I really struggled with a topic for today because, for personal reasons, I’ve been really busy. That aside, I finally found something that I think is worth talking about. I’ve mentioned my biases before but I wanted to go more in depth about Taeyong because I think there’s something to be learned there with my story of how I came to change my mind about him.

First Impressions

When I first saw Taeyong, I didn’t really think much of him, but bizarrely, I didn’t trust him. I didn’t know what it was but whenever I looked at him I just got this vibe like he wasn’t quite trustworthy. If you’re familiar with NCT, you know that Taeyong got off to a rocky start. He was accused of a bunch of things, most of which I can’t remember anyhow, but there’s really no point in restating them. The gist is this: they were pretty mean things to accuse someone of doing.

But I didn’t know better so I believed them. And I felt like my suspicions were confirmed. He was a bad person, the internet said so. So even though there was no proof, I wrote Taeyong off.

And when they debuted, Taeyong made a formal apology for “the things he’d done.” But it was too late for me and I didn’t believe his apology. I didn’t even give him the time of day. I loved NCT U, however, so I powered through for them.

NCT 127 Debuts

Taeyong didn’t just disappear, though. He came back as the leader of NCT 127 and I wanted to support my boys so I stuck around for the debut despite my how I felt about Taeyong.

Then Limitless era happened. As incredible a song as Limitless is and as much as I love it now, I had zero interest in it when it dropped. Why? Their hair. It wasn’t even that it was cultural appropriation because let’s be honest–it happens all the time. It was the fact that it was really hideous cultural appropriation. It wasn’t enough for me to just power through and forget it. It was bad and I honestly never intended to return to them after it.

When It Happened

The Cherry Bomb teasers were what brought my attention back to NCT 127. I was taken aback by the color scheme and the graphics and I was genuinely excited to see what they had in store. As shallow as it sounds, when I saw Taeyong with his baby pink hair and his precious little pout in his teaser picture, I realized that I really didn’t know anything about him but I wanted to.
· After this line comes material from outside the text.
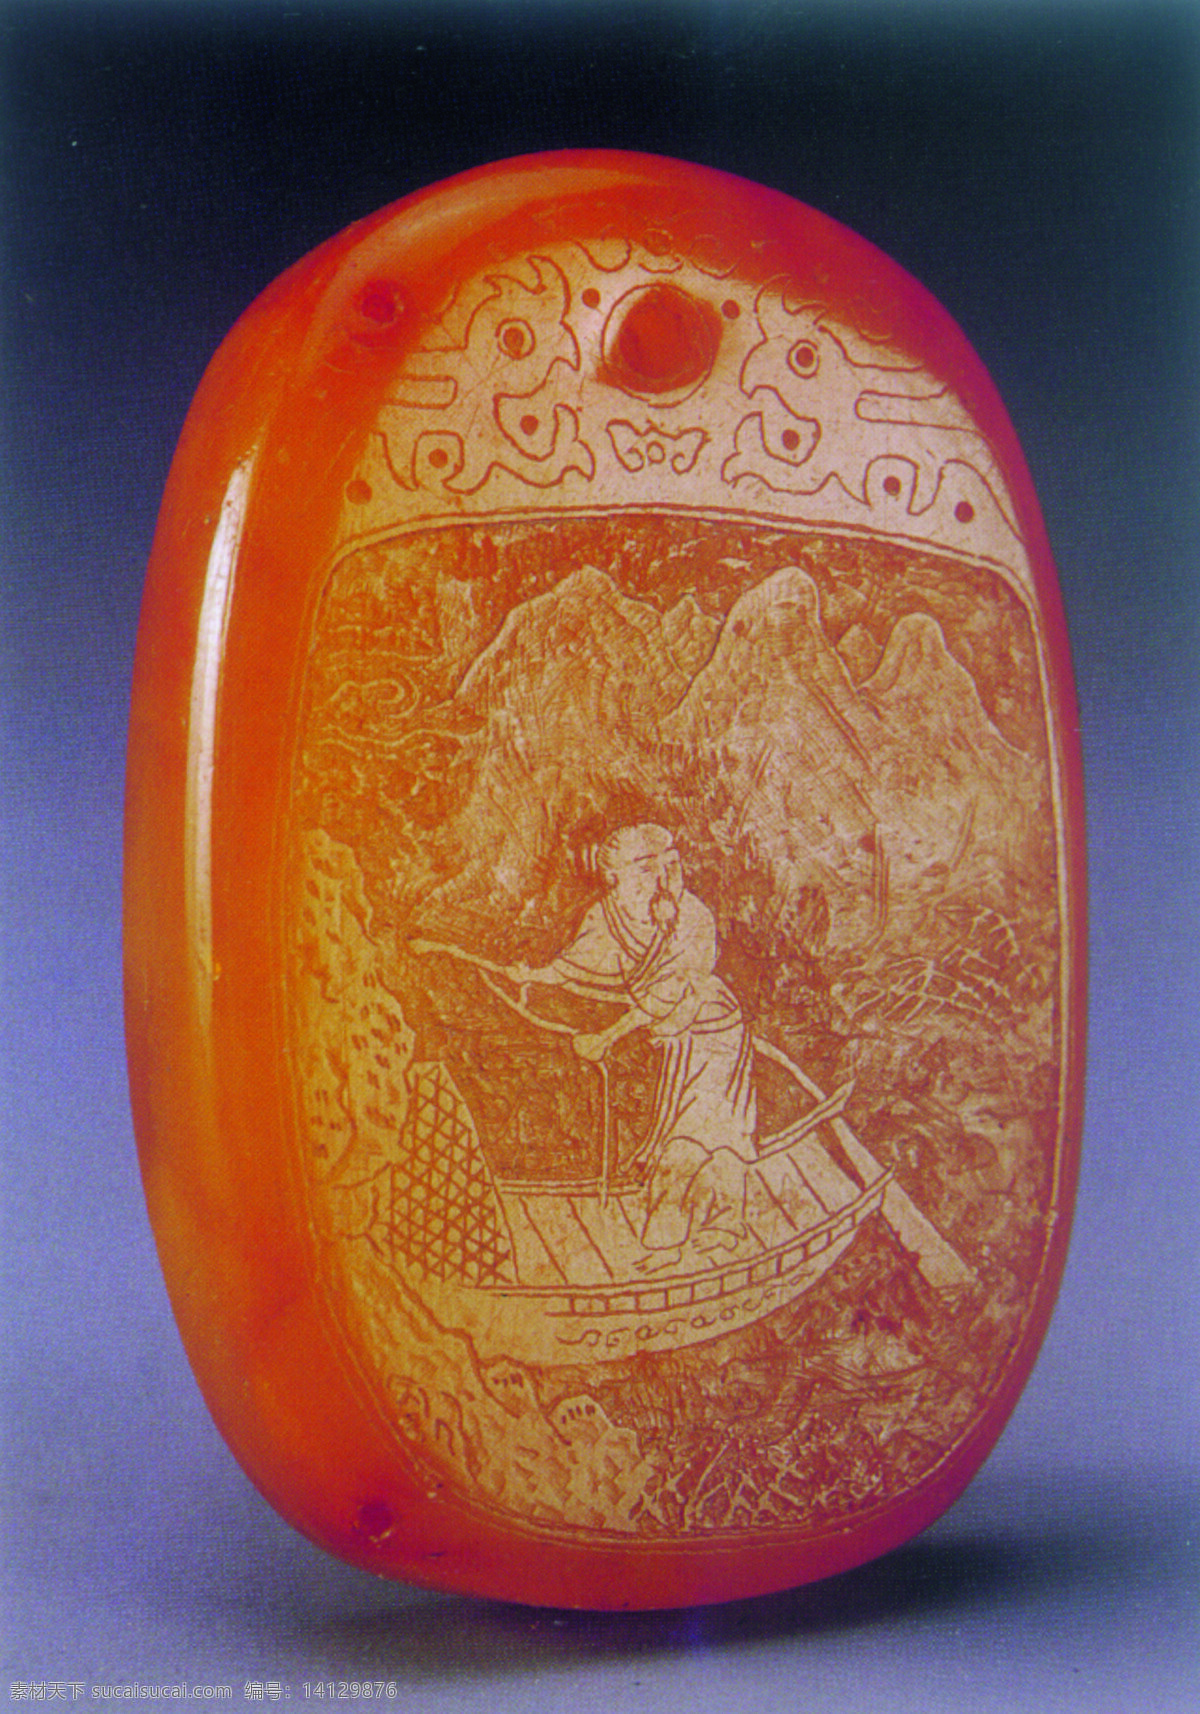 工艺品 雕刻 雕塑 古董 琥珀 玛瑙 石器 手工艺术品 玉佩 玉石 中国风 中国文化 中华艺术绘画 装饰素材 印章 图案

So I went on Peach and asked for advice and one of my friends immediately said that Taeyong would be perfect for me. That shocked me. I was willing to give him a chance but I didn’t think he would be perfect.

My friend suggested I watch NCT Life to get to know him so I set aside a weekend and made the trek through every NCT Life available on Vlive. And damn, was she right.

Taeyong was the perfect man for me. He was kind, caring, selfless. He could cook and liked to clean. He was cute and a little bit of a baby. He had the sweetest laugh. He was a little self-conscious and a little silly and I loved everything about him. Virtually overnight, Taeyong went from the last person I would’ve ever liked to my number two bias.

So Why Does It Matter?

People change. People turn out to be different than you originally expected them to be. Yes, I have a very good read of people and typically my first impressions dictate how I feel about them, but sometimes I’m wrong. Sometimes you will be wrong too. What I want for people to get out of this is that you shouldn’t lock yourself into an opinion about someone–idol or not–just because you had a bad feeling about them once. Listen to your instinct, yes, but don’t just shut someone out for no reason. You may end up missing out on someone perfect.

Have you ever changed your mind about an idol? Or someone in your life? Leave me a comment and let me know!


  1. Taeyong also changed in my eyes thru watching NCT life. His persona on stage vs. his real motherly charm is truly adorable to compare. My main man was Ten when I first saw him in Hit The Stage. But when Ten wasn’t there in recent comebacks, Taeyong keeps sneaking up on me. Now I like them both. Turns out I’m really just attracted to dancers ☺️

    Liked by 2 people

  2. Not with an idol – but absolutely with a real people. I was bullied by girls who turned out to be great during later teen/early adolescent years. But I recall how scared I was of them when I was 12/13. They changed – they grew up. And they deserved a second chance because it’s not easy to go from wrong to right. It’s not easy to realize one was wrong. They made up for it by being great listeners and mature peers whom I enjoyed talking with. Mind you, we didn’t become best friends because it was high school. The cliche of cliques and groups existed. I became one of those who associated with many groups though – but still, their group and my group didn’t mesh well. That didn’t stop us from talking when we had the opportunity at school. And I really enjoyed those talks. I was happy they were in a better place in life, too.